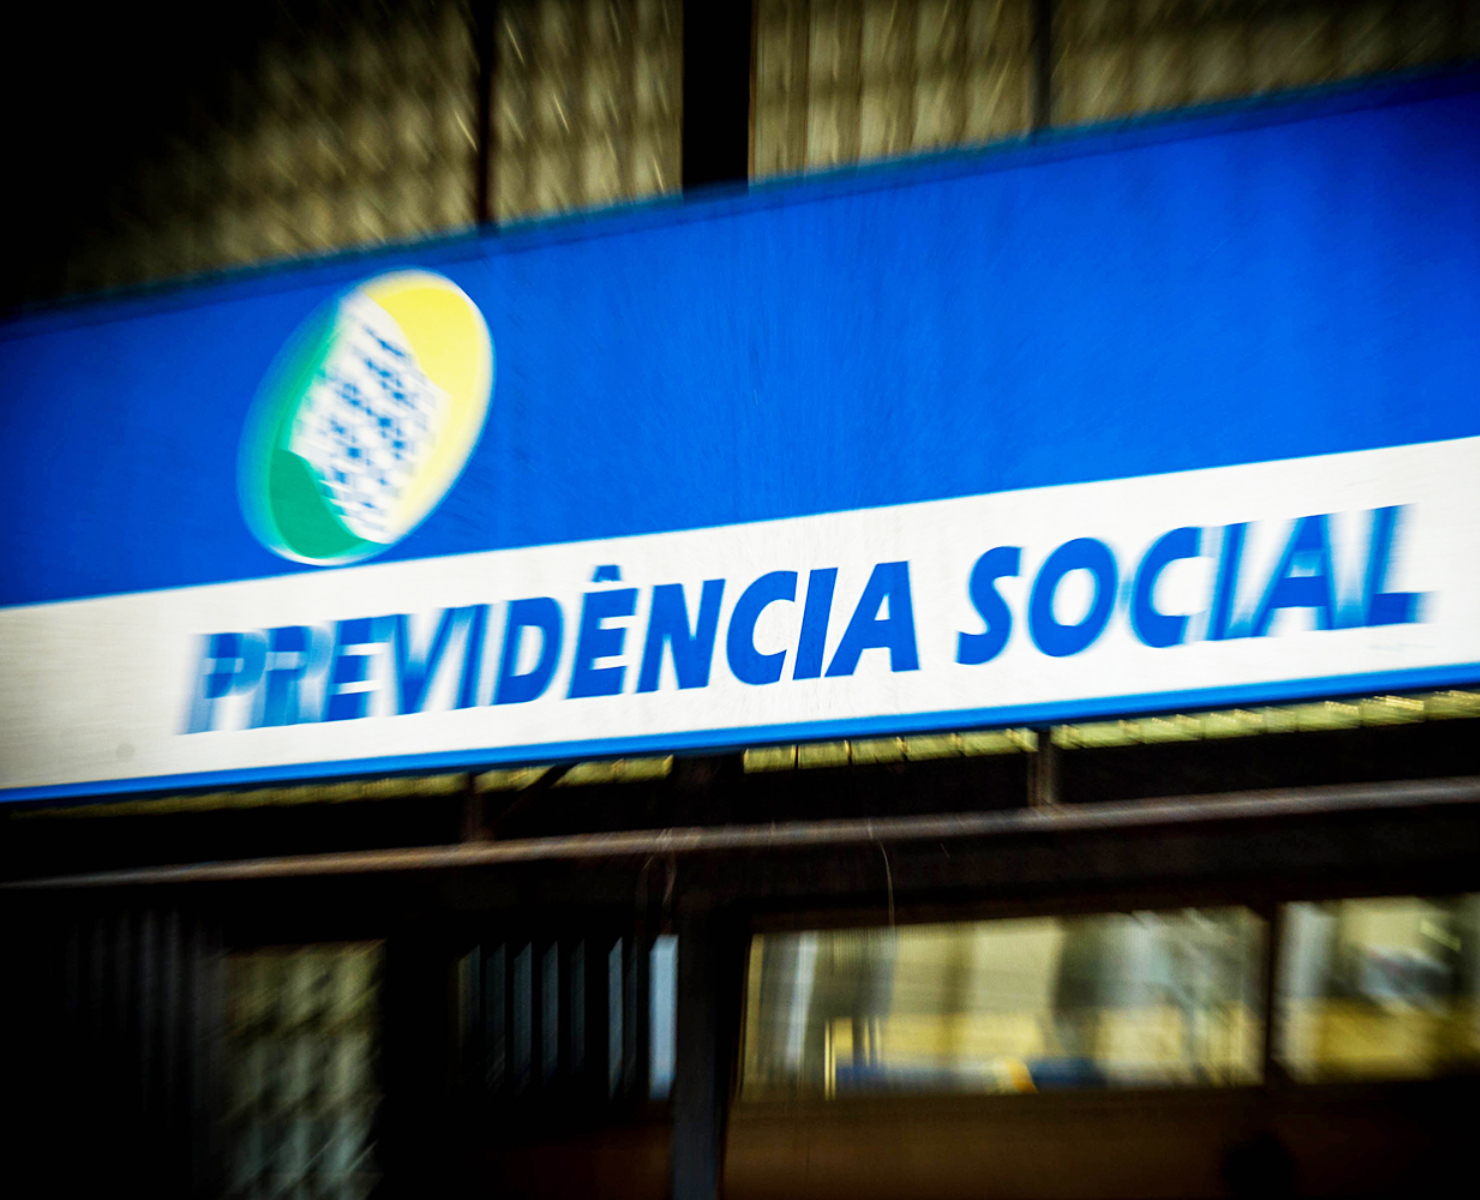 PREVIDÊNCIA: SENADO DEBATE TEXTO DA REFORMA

-*-

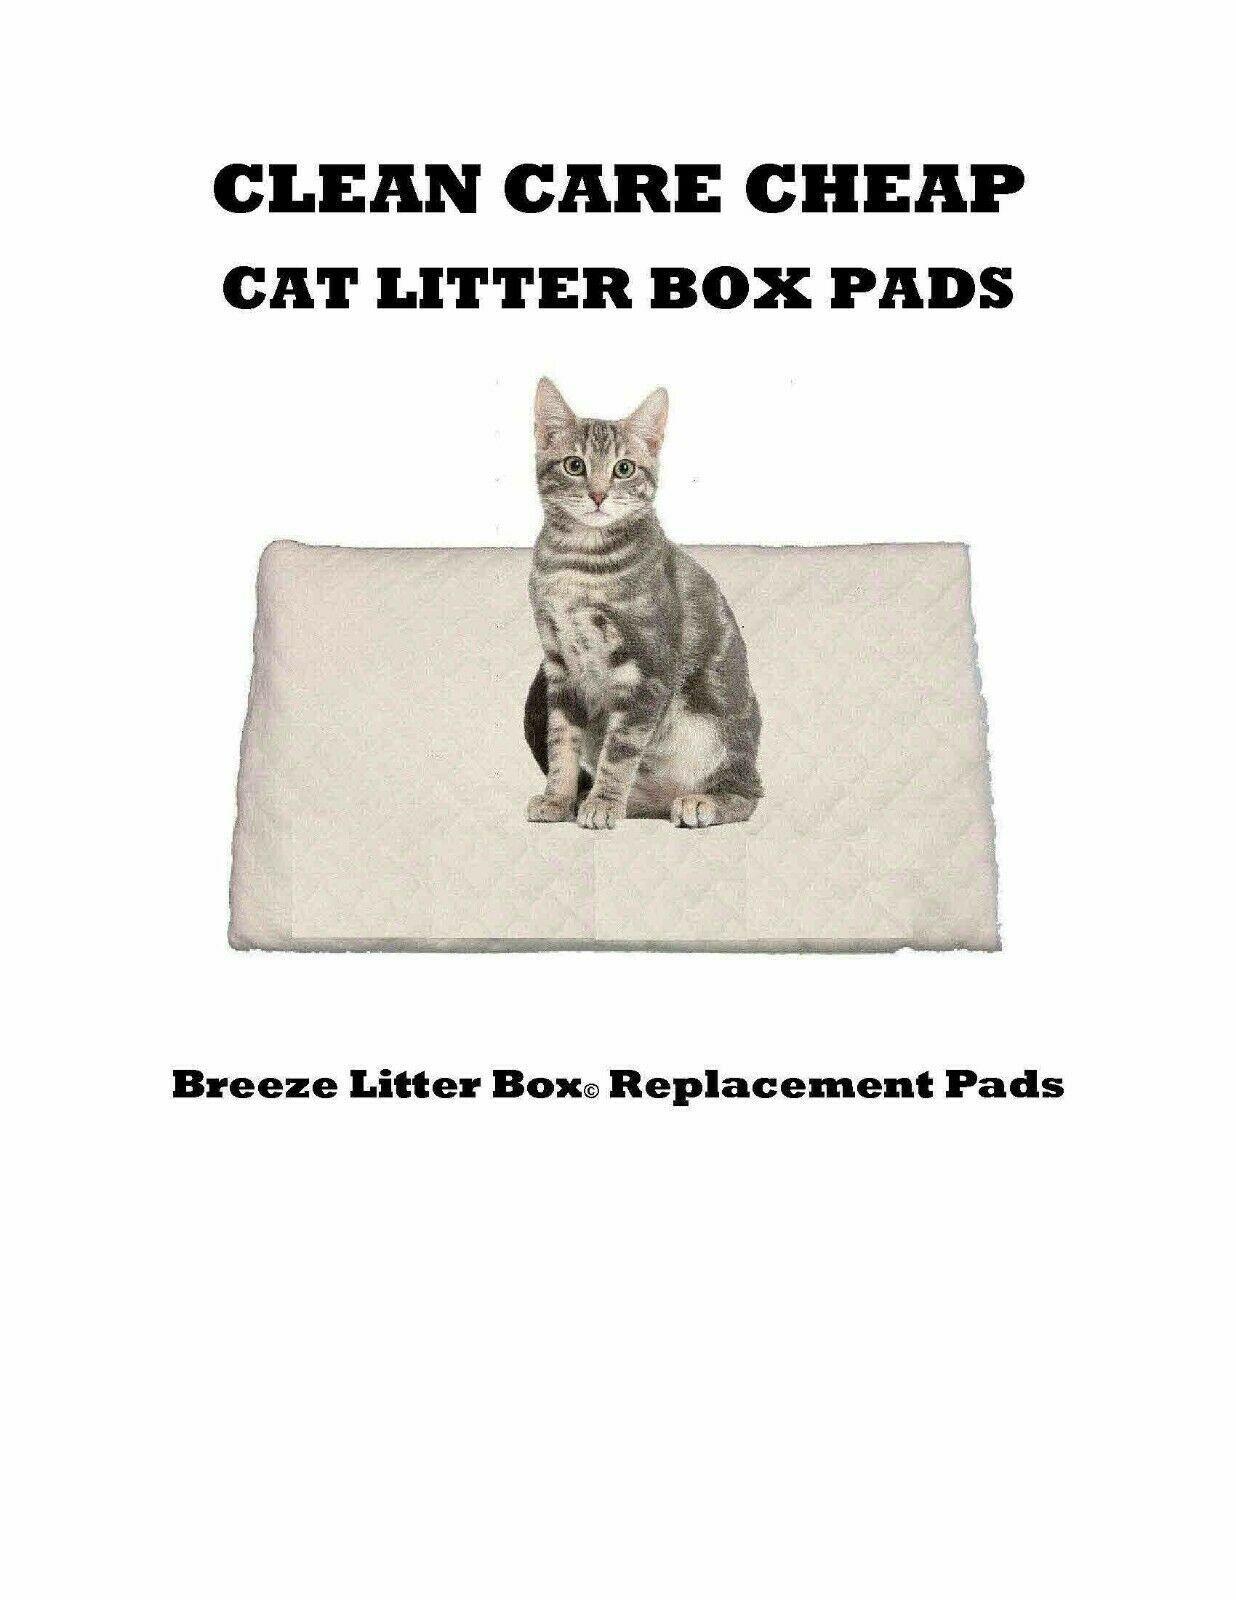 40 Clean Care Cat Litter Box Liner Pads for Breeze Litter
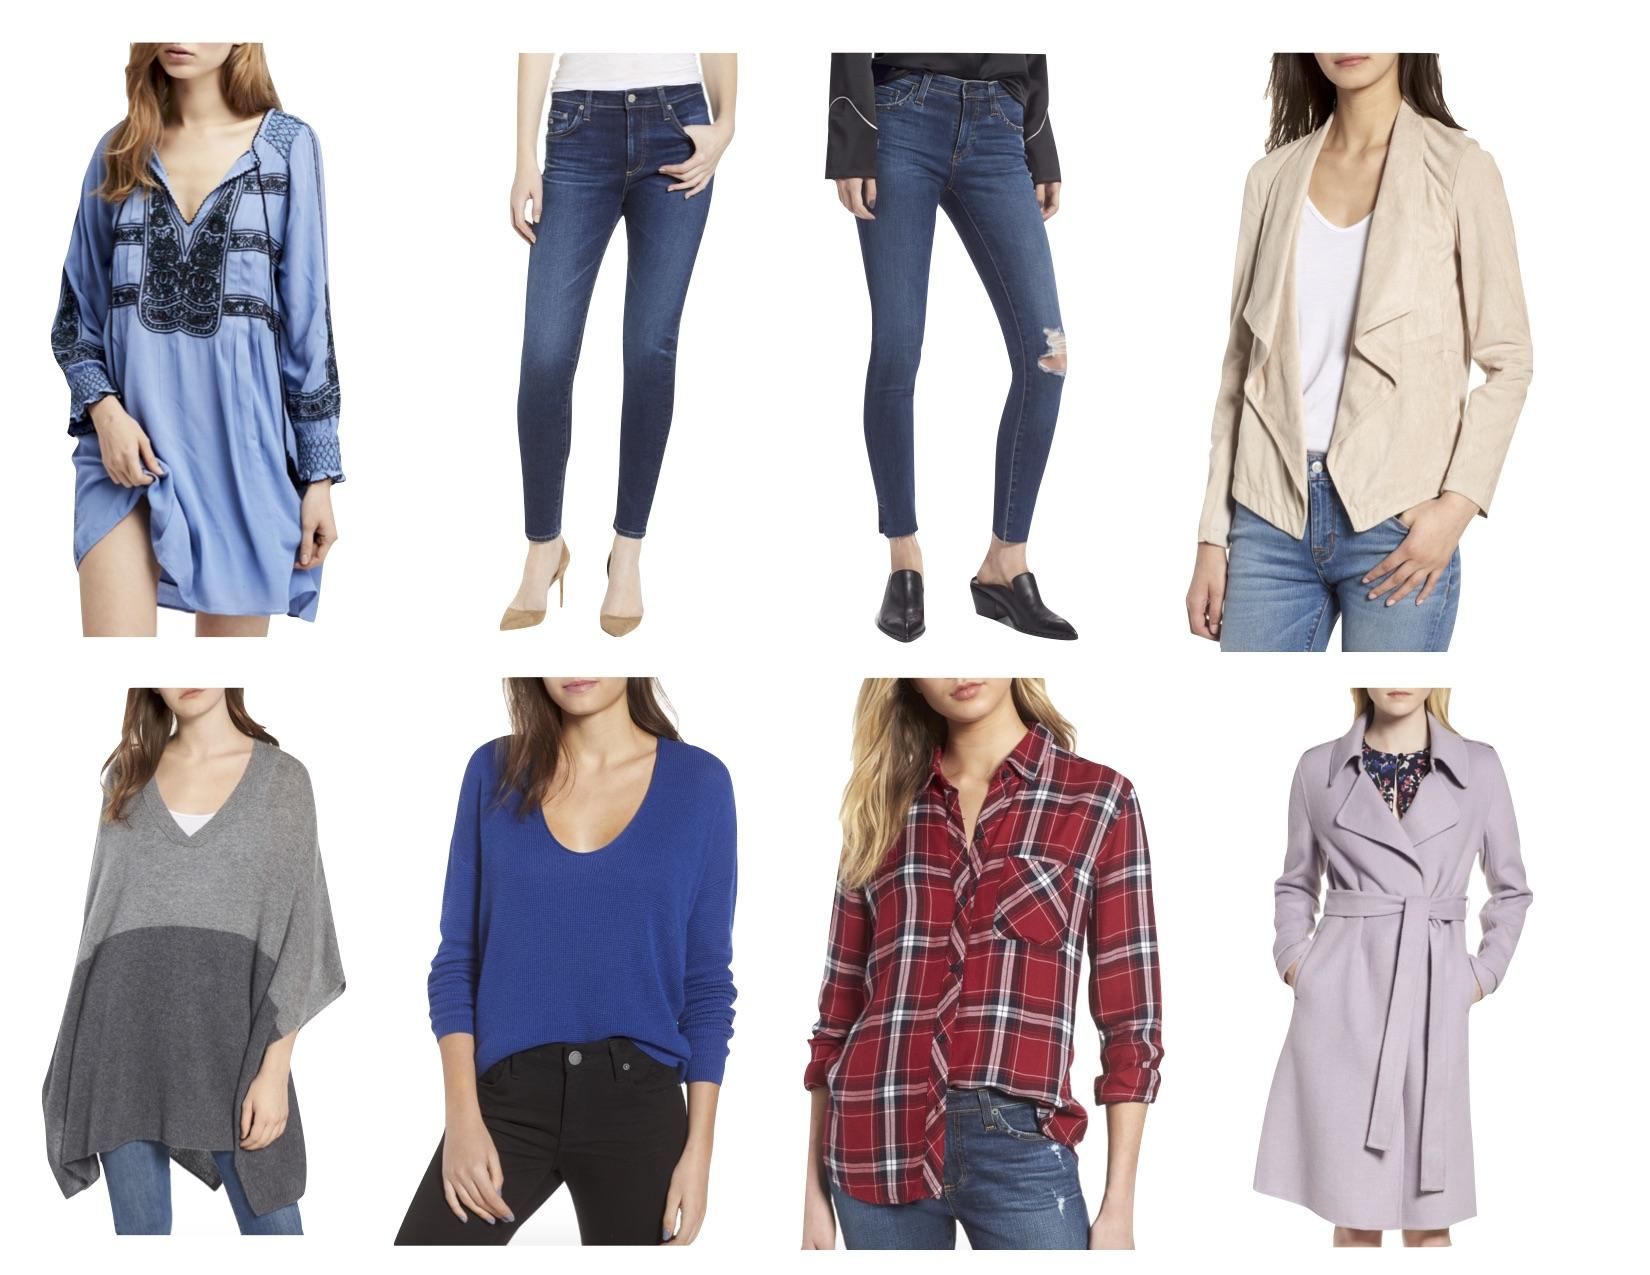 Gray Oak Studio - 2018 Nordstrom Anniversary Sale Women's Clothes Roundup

-*-

Pictures in the entries do not go into the copy. Print only the lines starting at the one containing "40 Clean Care" and ending at the one containing "Gray Oak Studio", exactly as they appear.

 40 Clean Care Cat Litter Box Liner Pads for Breeze Litter
 Gray Oak Studio - 2018 Nordstrom Anniversary Sale Women's Clothes Roundup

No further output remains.